A Marcha deste ano teve um caráter reivindicatório e denunciatório, tendo como lema “A Defesa da Dignidade Humana”. Além da CUT, a Marcha dos Sem contou com a participação do MTD, Conlutas, Via Campesina entre outras entidades do movimento social organizado. Como não poderia ser diferente, os trabalhadores metalúrgicos também participaram e foram solidários aos militantes covardemente reprimidos pela ação terrorista da Brigada Militar.

A Marcha, coordenada pela Central única dos Trabalhadores (CUT-RS) e a Coordenação dos Movimentos Sociais (CMS-RS) encerrou o dia de mobilização que uniu trabalhadores do campo e da cidade. A concentração teve início às 13h, atrás do Instituto de Educação e, às 14h, seguiu em direção ao Centro Administrativo, onde servidores estavam realizando um ato em defesa do Piso Salarial Nacional, dos atuais planos de carreira (professores e funcionários de escola), pelo aumento salarial, defesa do IPE Público, entre outros pontos de reivindicação.

Em frente ao Centro Administrativo houve apresentação teatral do grupo formado por integrante do Levante da Juventude, Levante da Favela, MST e MTD. Após, a Marcha seguiu para o Palácio Piratini, passando pela avenida Borges de Medeiros e rua Jerônimo Coelho, até chegar na Praça da Matriz. A Brigada Militar acompanhou toda a caminhada.

Brigada Militar agride manifestantes

Ao chegar em frente ao Palácio Piratini, o pelotão de choque da Brigada Militar bloqueou a passagem do carro de som que acompanhava a marcha.
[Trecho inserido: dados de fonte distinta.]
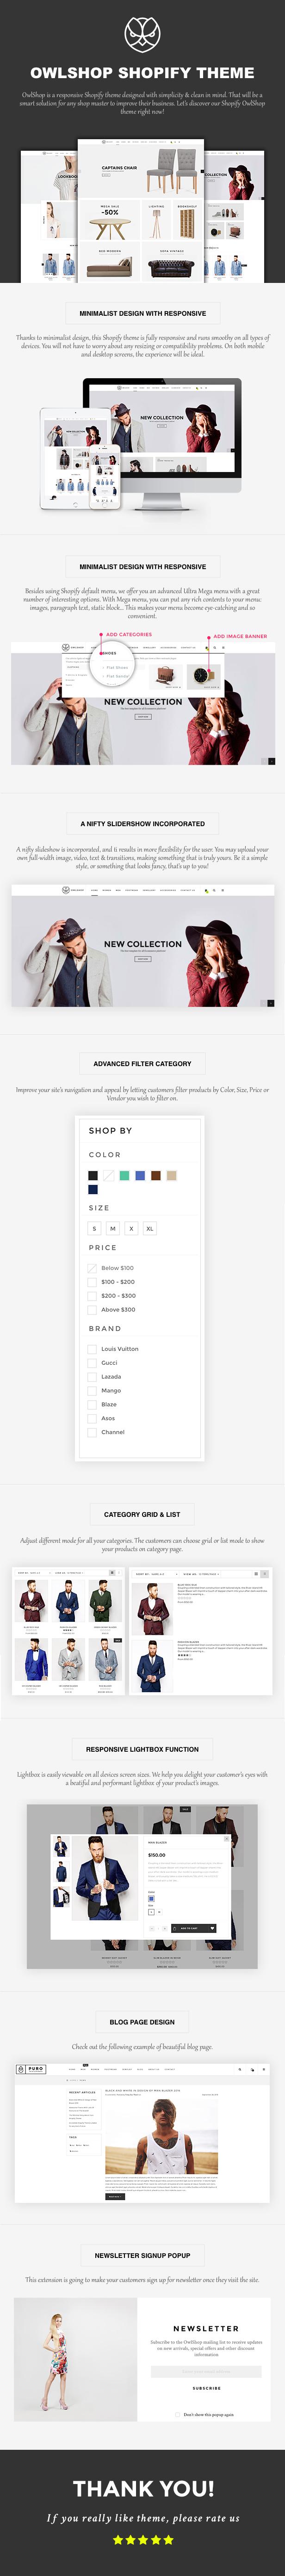 Owlshop - Minimalist Ecommerce Shopify Theme - 1

Os policiais agiram com violência, agrediram os manifestantes, pelo menos três bombas de efeito moral foram lançadas contra os trabalhadores e balas de borracha também foram usadas pelos PMs. A confusão resultou em 17 manifestantes feridos e encaminhados a hospitais da região.
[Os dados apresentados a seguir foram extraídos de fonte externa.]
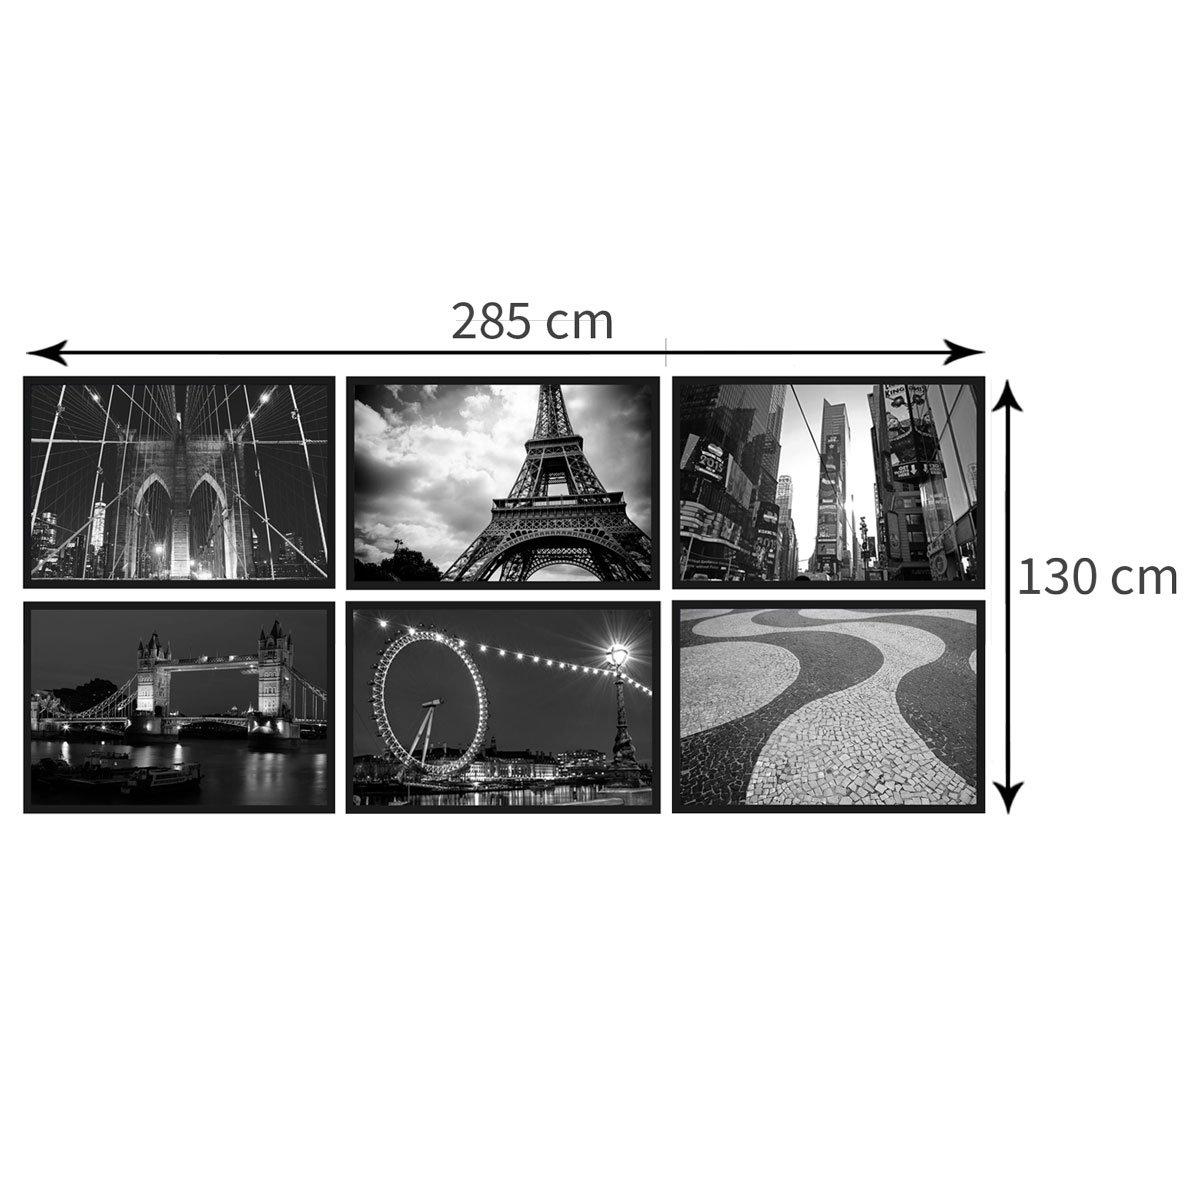 Tamanho aproximado do kit (Largura x Altura): 285 x 130 cm. Cada quadro tem o tamanho de (Largura x Altura): 94x64 cm. O tamanho pode variar conforme disposição que você optar pelos quadros.

A Brigada Militar também agiu de forma violenta com os deputados estaduais, Raul Carrion (PC do B), Marisa Formolo (PT), Ronaldo Zulke (PT), Raul Pont (PT) e Dionilso Marcon (PT), que estavam no local e tentavam liberar a passagem do carro de som e dos manifestantes, já que a manifestação tinha caráter ordeiro e pacífico.
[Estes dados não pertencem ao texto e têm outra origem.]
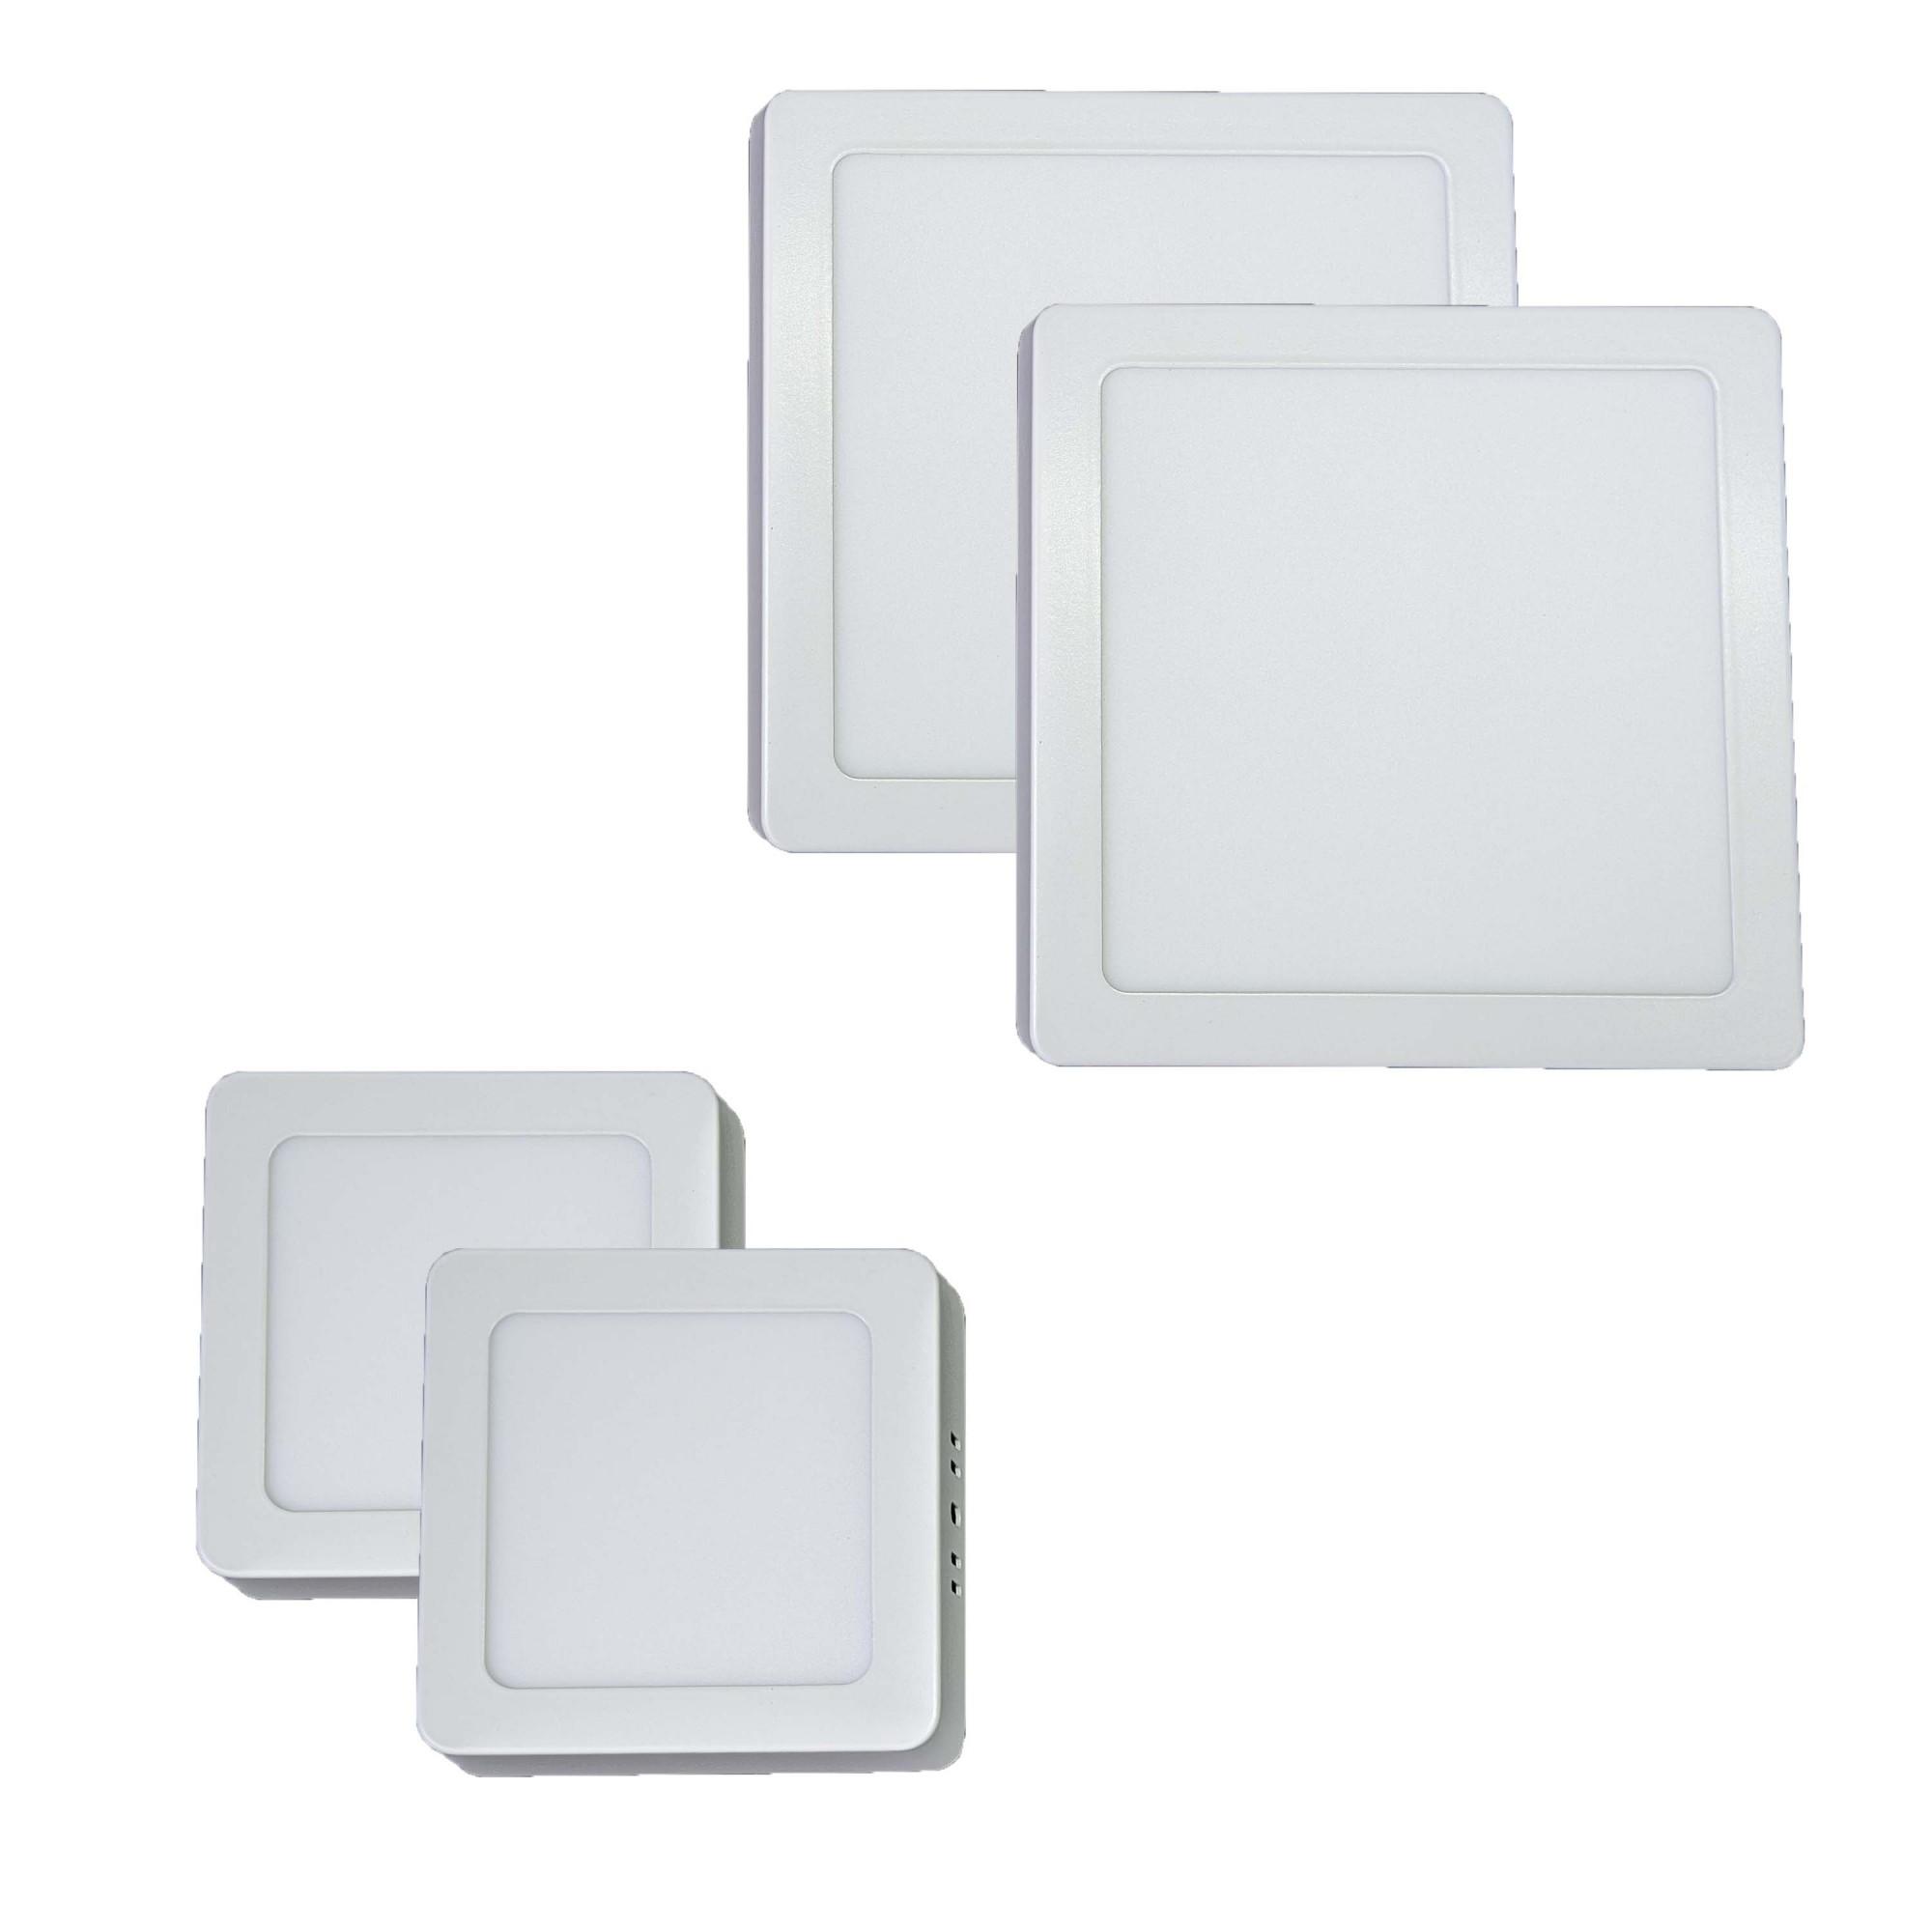 Iluminição banheiro Kit Luminárias 2 x 18W e 2 x 6W Luz Fria Sobrepor

O presidente da CUT-RS, Celso Woyciechowski lamentou que a Marcha dos Sem tenha terminado dessa forma. “Conseguimos realizar uma manifestação pacífica até aqui. Mas ainda hoje, será noticiado esse triste papel que a Brigada Militar e a governadora Yeda estão fazendo”.

Já com o carro de som em frente ao Palácio Piratini, a diretora do CPERS/Sindicato, Rejane de Oliveira repudiou a forma como os manifestantes foram recebidos. “Nos temos um governo que sucateia o patrimônio público e criminaliza os movimentos sociais. Só os covardes usam da violência para governar”, declarou.

No ato de encerramento, Woyciechowski agradeceu aos trabalhadores que não responderam com violência e lembrou que foi uma vitória conseguirem realizar a Marcha até aquele momento. “Temos que ter na consciência e no coração, que cada trabalhador que teve a atitude de dizer não a violência é um guerreiro”, disse. A manifestação foi encerrada com os manifestantes de mãos dadas e cantando o hino do Rio Grande do Sul.

Durante toda a quinta-feira, os trabalhadores se mobilizaram contra a criminalização dos movimentos socias, a corrupção no governo Yeda, a crise dos alimentos e o ataque as servidores e aos serviços públicos.